Written comments and suggestions from the public and affected agencies concerning the proposed collection of information are encouraged. Your comments should address any of the following: (a) Evaluate whether the proposed collection of information is necessary for the proper performance of the functions of the agency, including whether the information will have practical utility; (b) Evaluate the accuracy of the agencies estimate of the burden of the proposed collection of information, including the validity of the methodology and assumptions used; (c) Enhance the quality, utility, and clarity of the information to be collected; (d) Minimize the burden of the collection of information on those who are to respond, including through the use of appropriate automated, electronic, mechanical, or other technological collection techniques or other forms of information technology, Start Printed Page 32960e.g., permitting electronic submission of responses; and (e) Assess information collection costs.

To request additional information on the proposed project or to obtain a copy of the information collection plan and instruments, call (404) 639-7570 or send an email to omb@cdc.gov. Written comments and/or suggestions regarding the items contained in this notice should be directed to the Attention: CDC Desk Officer, Office of Management and Budget, Washington, DC 20503 or by fax to (202) 395-5806. Written comments should be received within 30 days of this notice.

Proposed Project

Community Assessment for Public Health Emergency Response (CASPER)—New—National Center for Environmental Health (NCEH), Centers for Disease Control and Prevention (CDC).

Background and Brief Description

CDC requests a three-year approval for a new Generic Information Collection Request (ICR) for the Community Assessment for Public Health Emergency Response (CASPER). CASPER is an effective public health tool designed to quickly provide low-cost, household-based information about a community's needs and health status in a simple, easy-to-understand format for decision-makers. A CASPER can be conducted any time the public health needs of a community are not well known, including as part of disaster/emergency response to help inform decision making and distribution of resources, or in non-emergency settings to assess the public health needs of a community. In all situations, CASPER provides timely public health information that is essential when engaging in sound public health action.

In order for a CASPER to be initiated by CDC, a local, state, tribal, military, port, other federal agency, or international health authority or other partner organization must first invite CDC to participate in a CASPER. Communities are identified by local, state, or regional emergency managers and health department officers. The process for conducting a CASPER includes planning and preparation, field work, analysis, and sharing results with stakeholders. Planning can take 24 hours to several months depending on the type of CASPER being conducted. Field work takes approximately five days. Due to emergency situations under which CASPERs are often requested by states (e.g., hurricane response, oil spill), it is important that CDC has the ability to gain urgent approval for data collection.

The CASPER uses a validated statistical methodology that includes a two-stage probability sampling technique to collect information from a representative sample of 210 households in the community. Within the community, 30 clusters (typically census tracts) are selected based on probability proportional to size and, within each cluster, seven households are randomly selected for interview.

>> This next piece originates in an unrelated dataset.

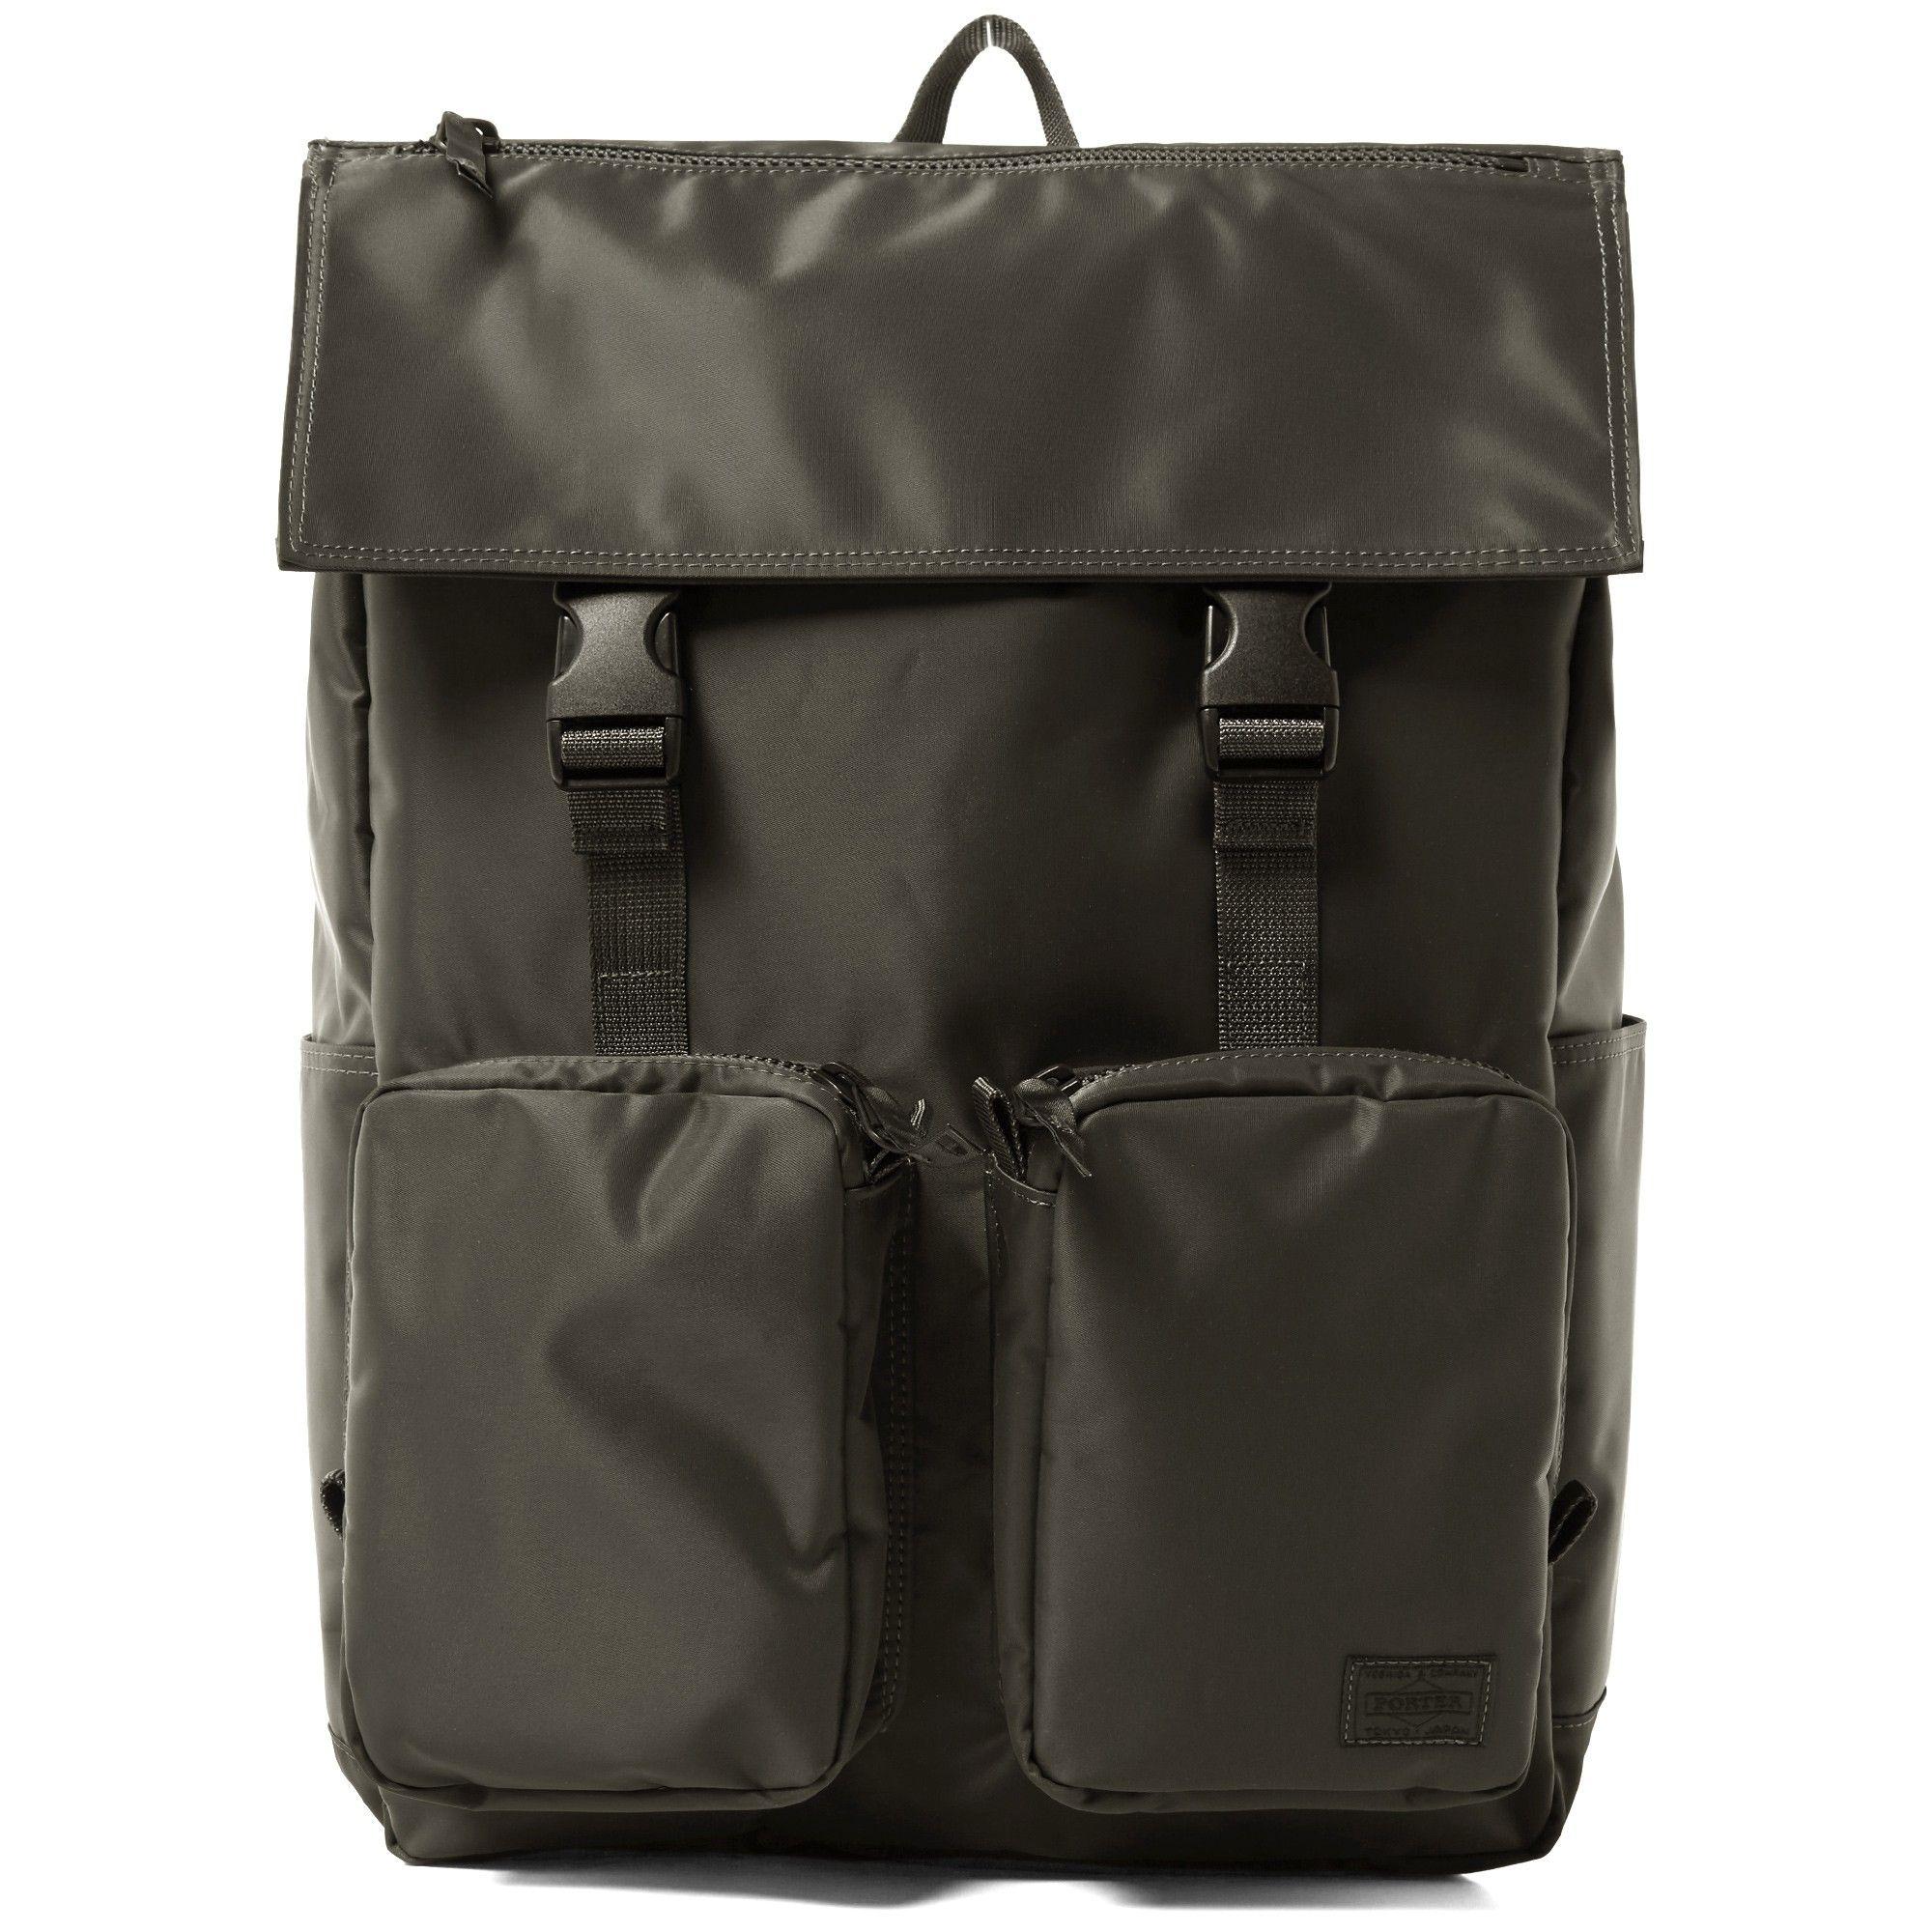 e8affa7a26f9 Head Porter Rucksack (Grey Spirit) Porter Bag

Participation in a CASPER questionnaire is voluntary. Consenting participants are not provided incentives for participating in the survey. Face-to-face interviews, usually taking 30 minutes or less, with one adult (≥ 18 years of age) from a selected household are recorded on paper or in electronic form. In general, yes/no and multiple choice questions are used to collect household level information including, but not limited to, the following categories: Housing unit type and extent of damage to the dwelling, household needs, physical and behavioral health status, perception and response to public health communications, household emergency preparedness, and greatest reported need. While a majority of CASPERs collect only household-level information, there may be instances where the questionnaires are modified to collect a small amount of individual level data.

Participants give verbal consent. Additionally, no data is collected that could link specific questionnaires to house addresses. Separate from the questionnaire, a tracking form is used to record the number of households visited, calculate response rates, and record households that should be revisited because a respondent was unavailable for interview. A complete addresses, including house number, street name, city, state, and zip code, are never recorded on any form. This information is not retained by CDC or entered into any database. There is no way to link data from the tracking form to specific household questionnaires.

Though each CASPER will be different, in general, personally identifying information is not collected. In a minimal number of CASPERs, interview teams may come across households with urgent needs that present an immediate threat to life or health, where calling emergency services immediately is not appropriate. In these instances, the team may refer the household to appropriate services using a referral form that is not attached to the questionnaire. In the scant instances where these forms are utilized, personally identifying information is collected. However, the forms go directly from the field team to the local CASPER coordinator for handling and rapid follow-up. When referral forms are used, the information is never retained by CDC or entered into any database. There is no way to link specific questionnaires to any information on the referral form.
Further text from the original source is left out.